Dona Rosa não se esquece de agradecer aos filhos que cuidaram dela:
- Deus me deu a sorte, porque meus filhos cuidaram de mim e zelaram por mim até hoje. Morei com Do Carmo muito tempo. Quando morreu, meu esposo me entregou pra ela tomar conta de mim, e que me zelasse como se fosse uma criança, que não deixasse que judiassem de mim.
Maria do Carmo carregava a mãe para todos os lugares em que morou, cuidou dos filhos das irmãs, pois não podia ter os seus.
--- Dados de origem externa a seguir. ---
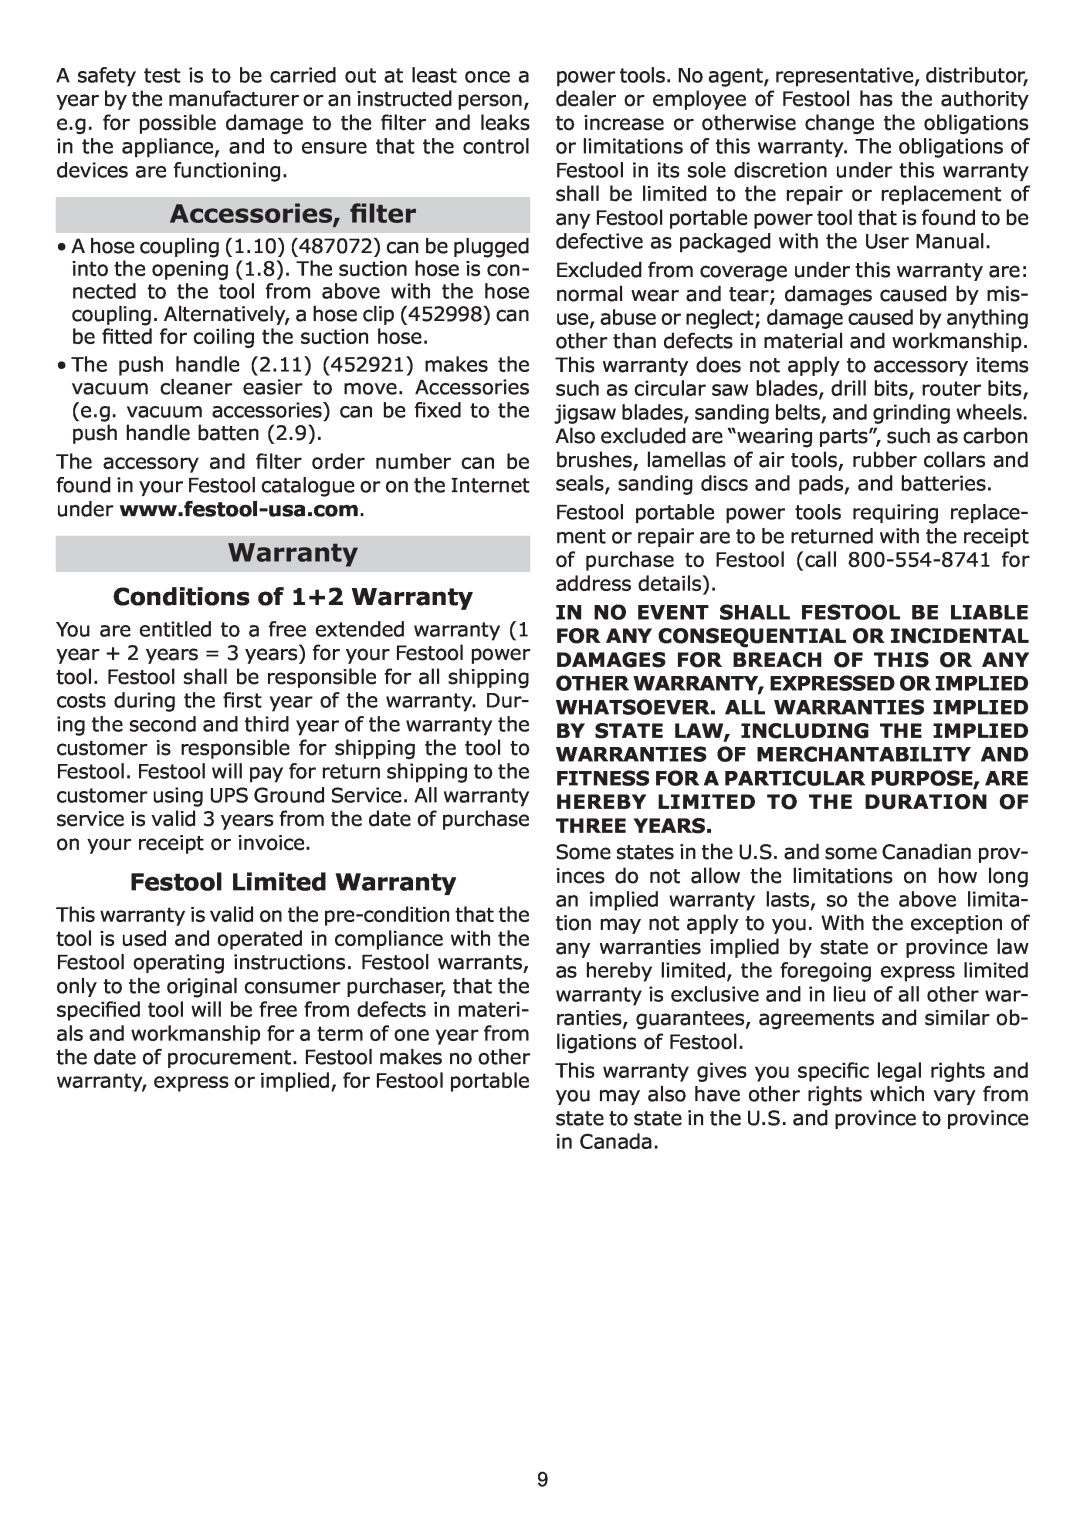 Festool CT 22 E HEPA, CT 33 E HEPA Accessories, ﬁlter, Conditions of 1+2 Warranty, Festool Limited Warranty

Com a mãe, viveu em Curitiba, BH, Ribeirão Preto.
Quando veio da Bahia, em 1914, trouxe consigo uma remanescente de escravos. Segundo dona Rosalina, a escrava, que se chamava Amiga, já estava velha e era de seu bisavô paterno, João Batista, e pediu para vir com a família com quem ficou até morrer. Conta que a escrava tinha muito carinho por ela. Hoje, a filha Maria dos Anjos e a neta Rosilene cuidam da parteira, uma mulher feliz, lúcida e que carrega no sobrenome Maria de Jesus. Tem aproximadamente, que conseguiu contar, 30 netos, 32 bisnetos e 3 tataranetos.